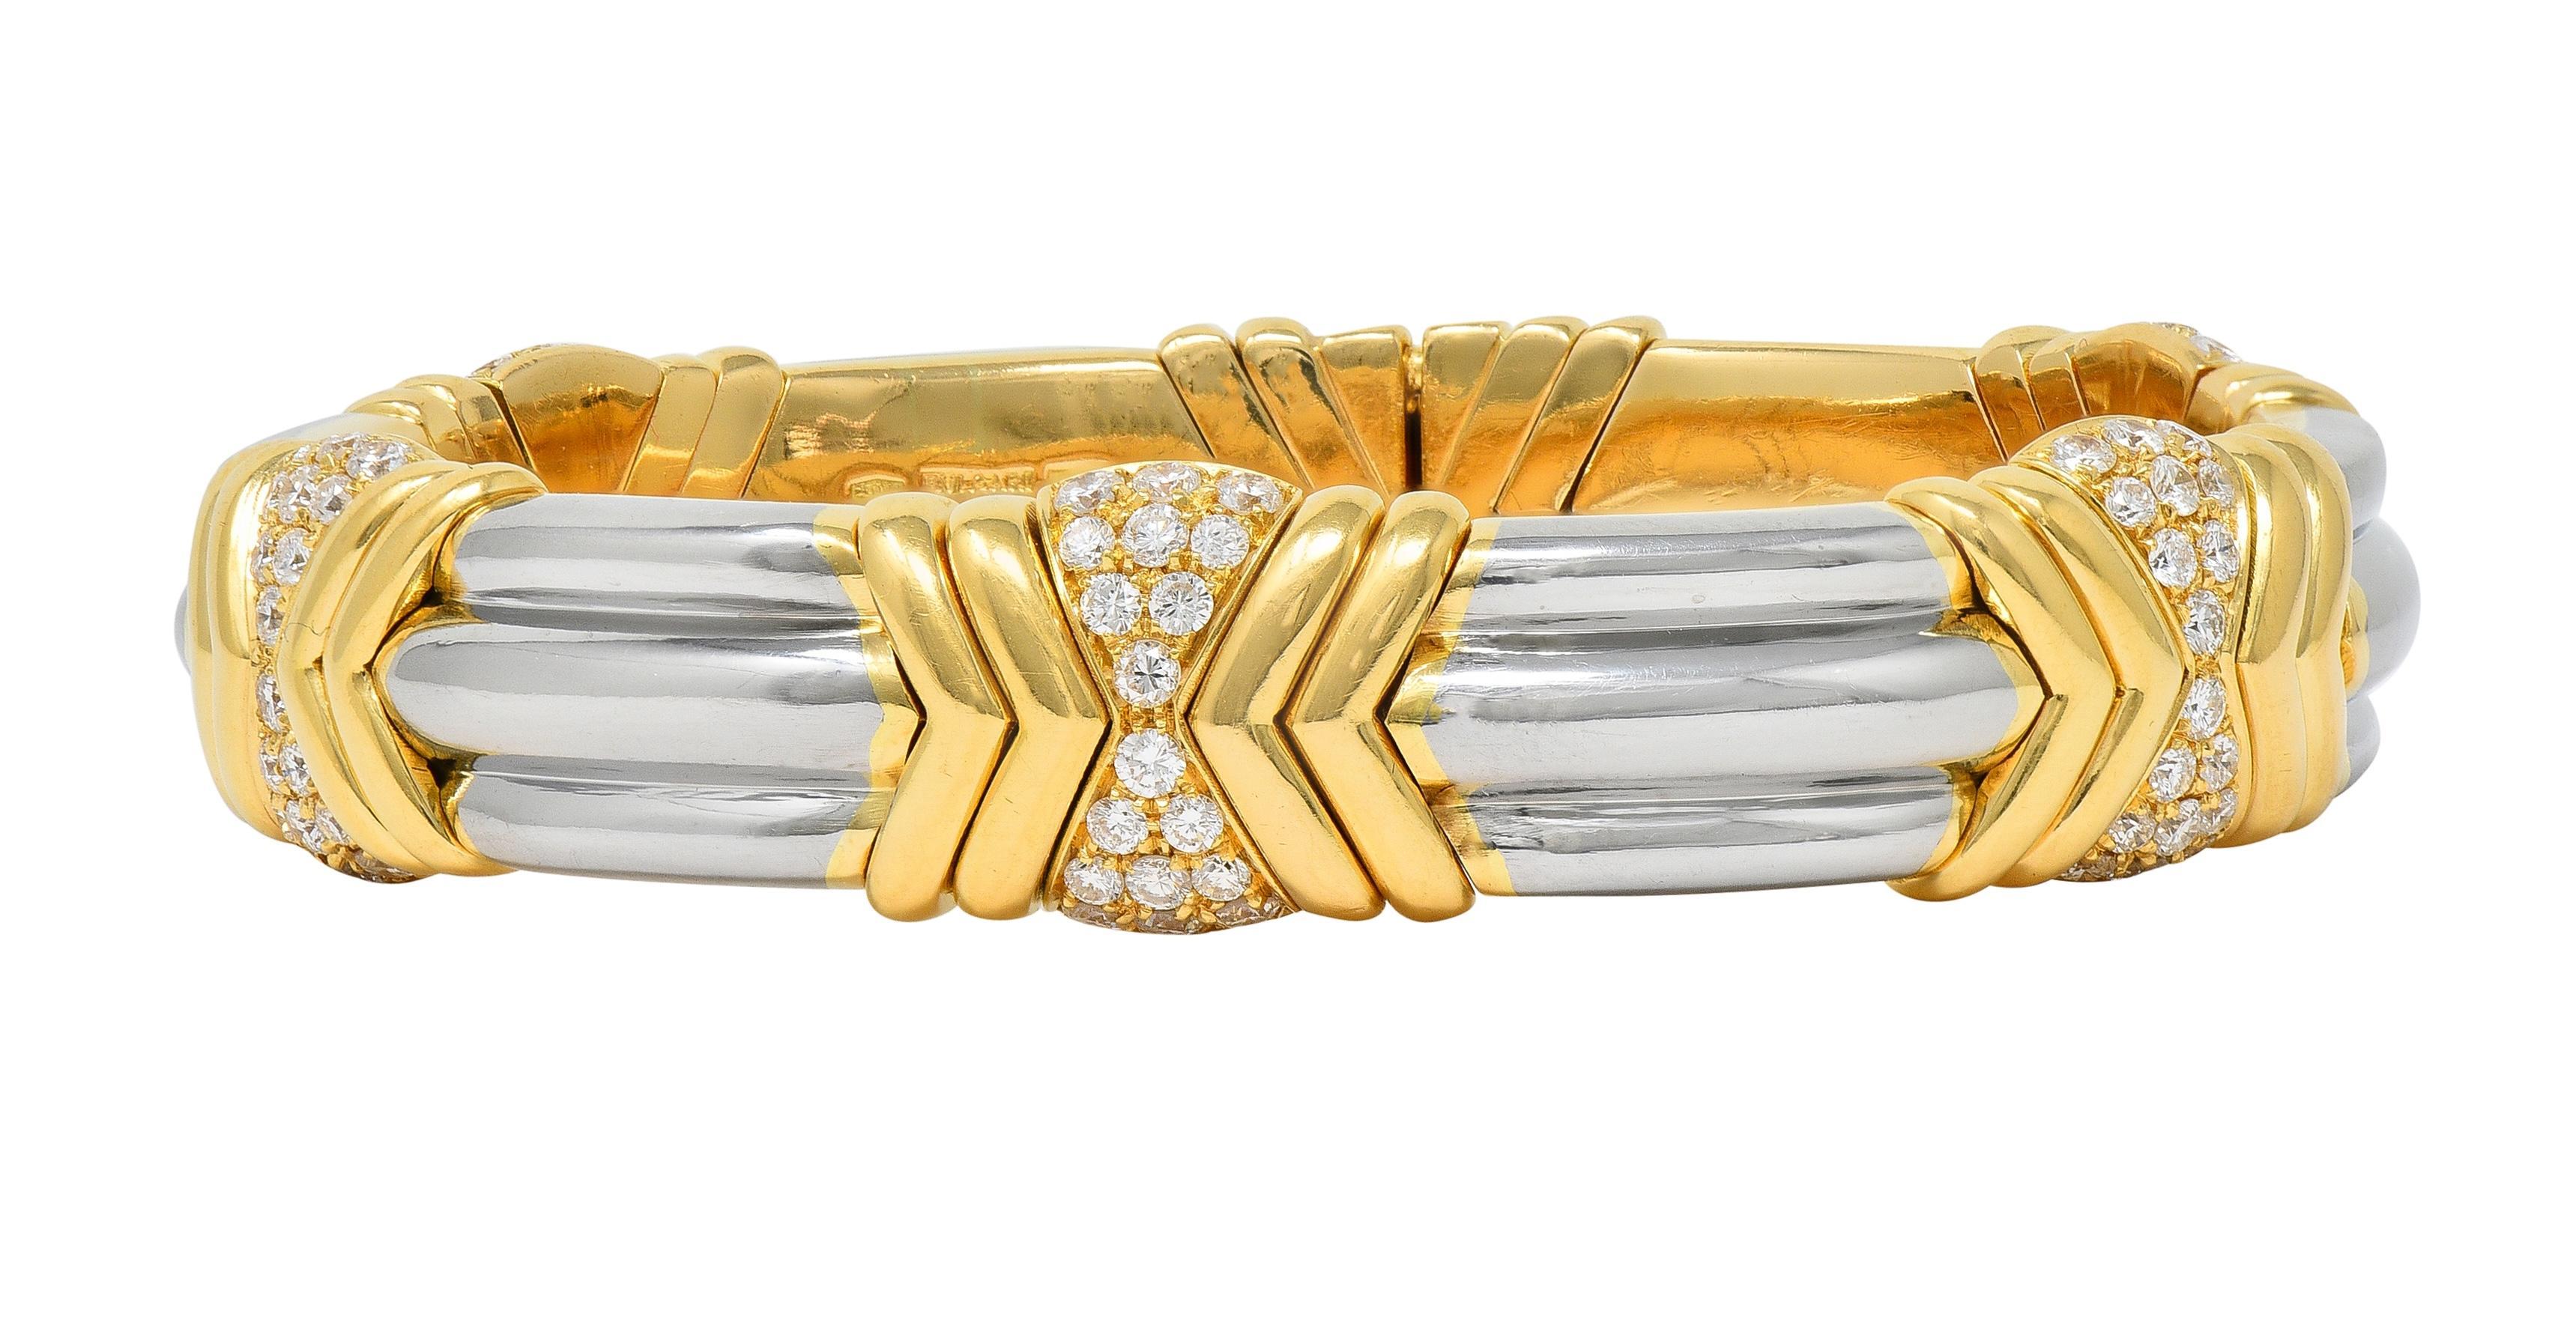 Comprised of segments of alternating ridged stainless steel and yellow gold stations 
Featuring a chevron motif with pavé set round brilliant cut diamond centers
Weighing approximately 2.60 carats total - G color with VS2 clarity 
With considerable

┄┄┄┄┄┄

> **YOUR ASSIGNMENT**
Give back the material above exactly as written, but omit the images.

> **RESPONSE TO THE TASK**
 Comprised of segments of alternating ridged stainless steel and yellow gold stations 
Featuring a chevron motif with pavé set round brilliant cut diamond centers
Weighing approximately 2.60 carats total - G color with VS2 clarity 
With considerable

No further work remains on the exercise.